U.S. Equity Market Radar (November 5, 2012)
The S&P 500 Index was little changed this week, rising 0.16 percent. The equity markets were closed Monday and Tuesday due to Hurricane Sandy and seemed to affect sentiment all week. Earnings reports were heavy again this week and were a driver of volatility that was masked by the seemingly small week-over-week change.
Strengths
- The industrial sector rose 1.40 percent this week. The sector benefitted from positive economic news from China, which finally appears to be turning the corner.
- The consumer discretion sector also rose 1.40 percent. Leaders in the sector this week were Netflix, Priceline and Starbucks which all reported earnings this week that were well received by the market.
- TripAdvisor Inc. was the best performing stock in the S&P 500 this week rising 15.89 percent as the company reported earnings that exceeded expectations. Priceline also reported earnings on Thursday and were well received, which likely reinforced the positive reaction.
Weaknesses
- The energy sector also underperformed as oil prices (West Texas Intermediate) fell 1.70 percent this week. Energy has underperformed for the past two weeks with particular weakness on Friday as the stronger jobs report diminished the need for additional Fed easing.
- The utility sector also underperformed as Hurricane Sandy inflicted damage or liabilities to numerous utilities.
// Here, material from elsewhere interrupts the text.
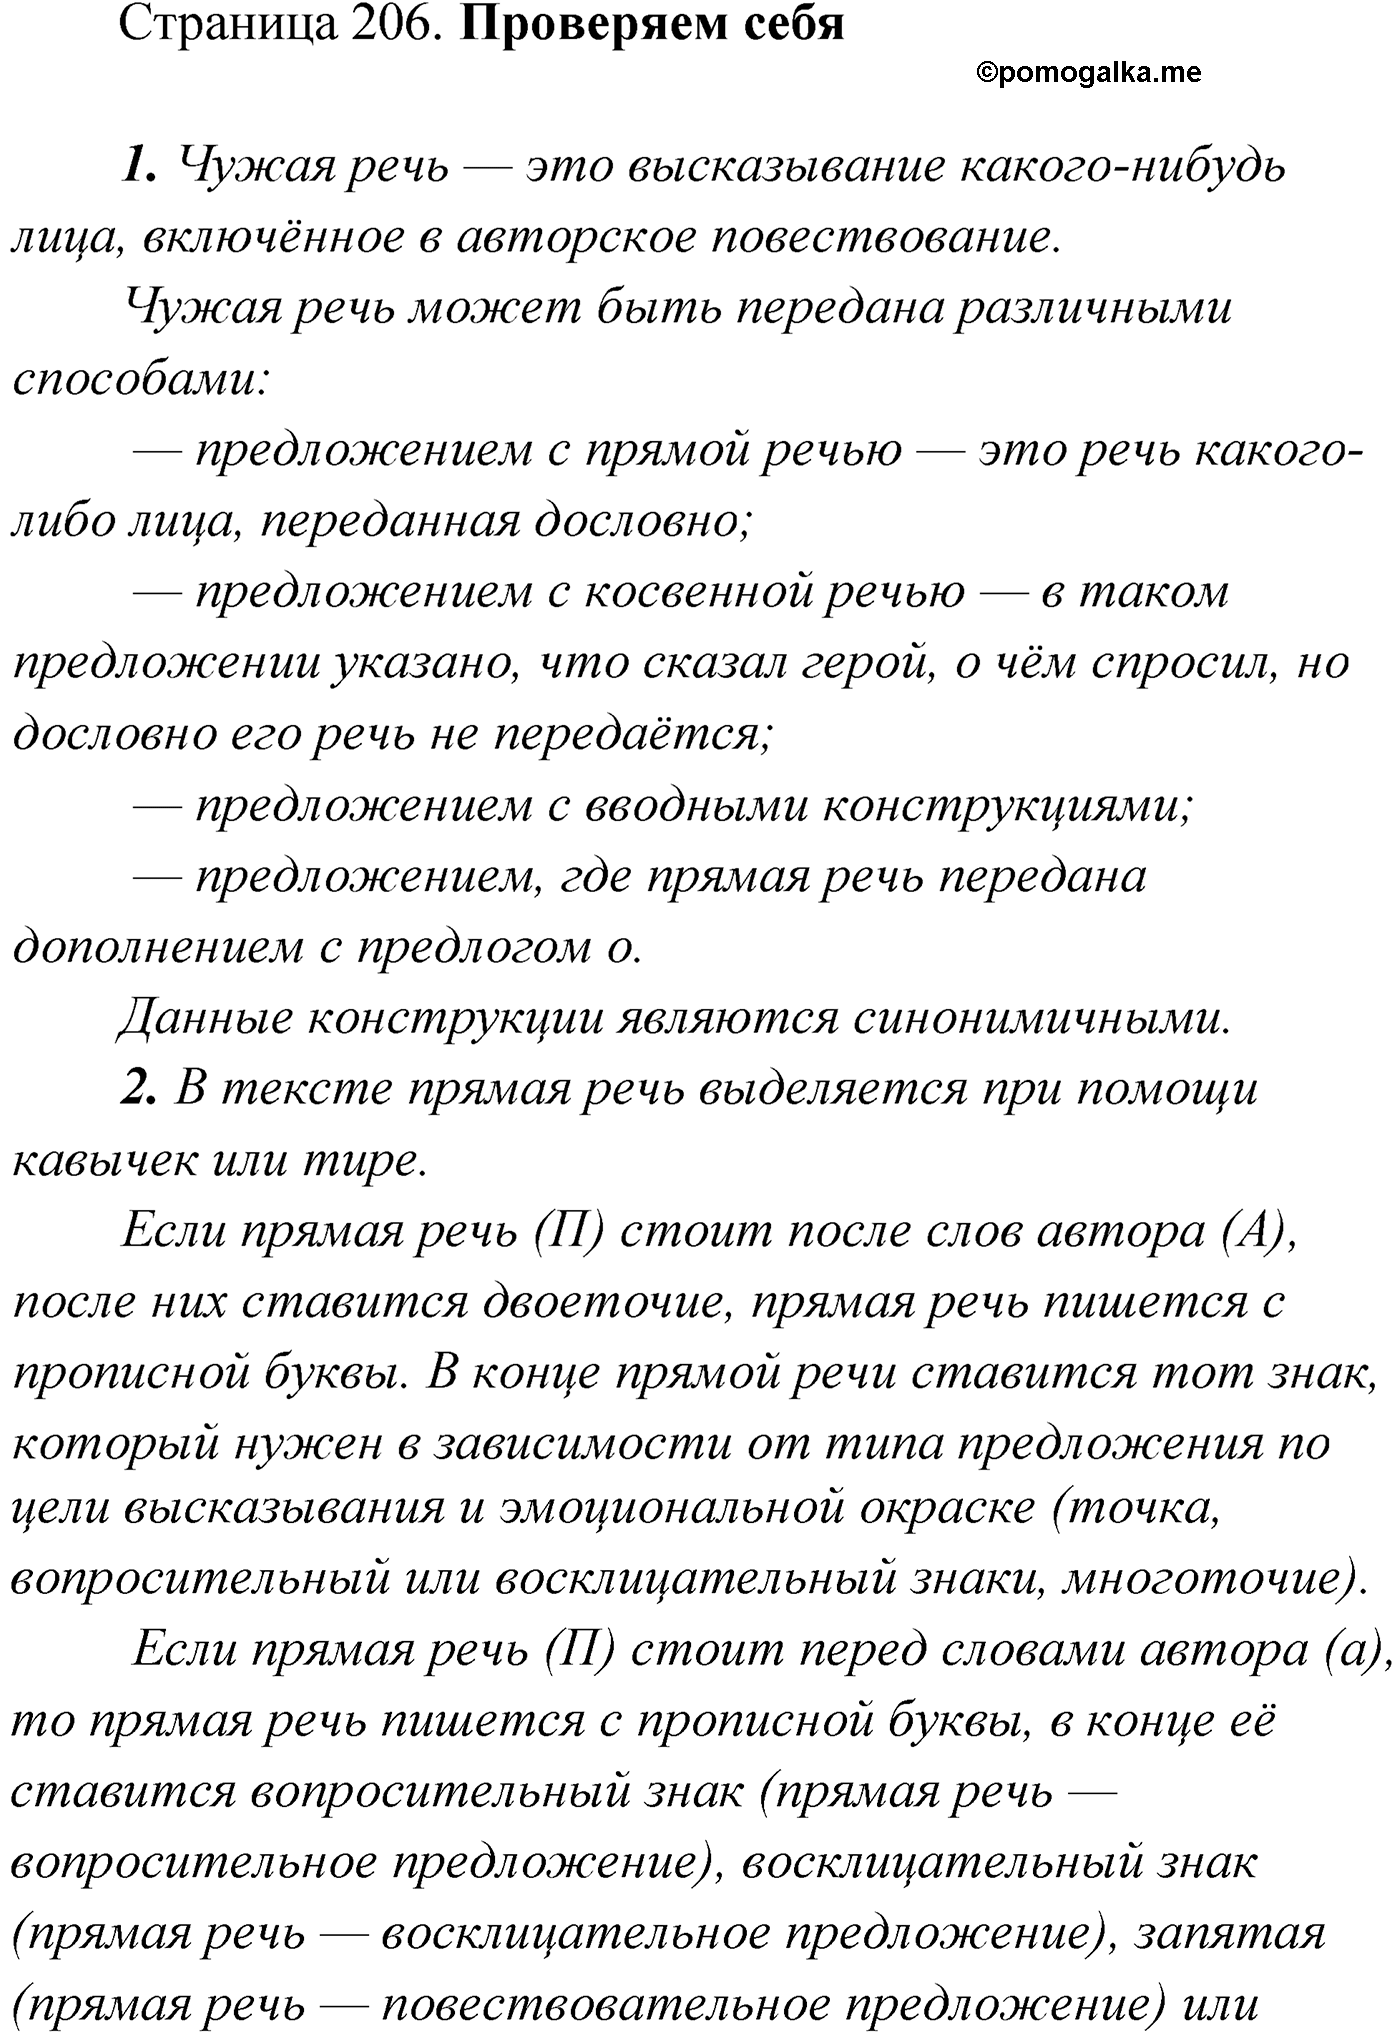 Проверь себя, Страница 206 русский язык 9 класс Мурина 2019 год

- Western Union dropped by more than 33 percent and was the worst performer this week in the S&P 500. The company announced disappointing earnings and forward looking guidance. Weakening fundamentals and the threat of cutting prices weighed on the stock.
Opportunity
- Earnings season is winding down and with the presidential election next week the market can remove one uncertainty and begin looking into next year.
Threat
- Post election, the markets will likely shift their focus to the possible upcoming fiscal cliff and potential resolutions to the budget problems.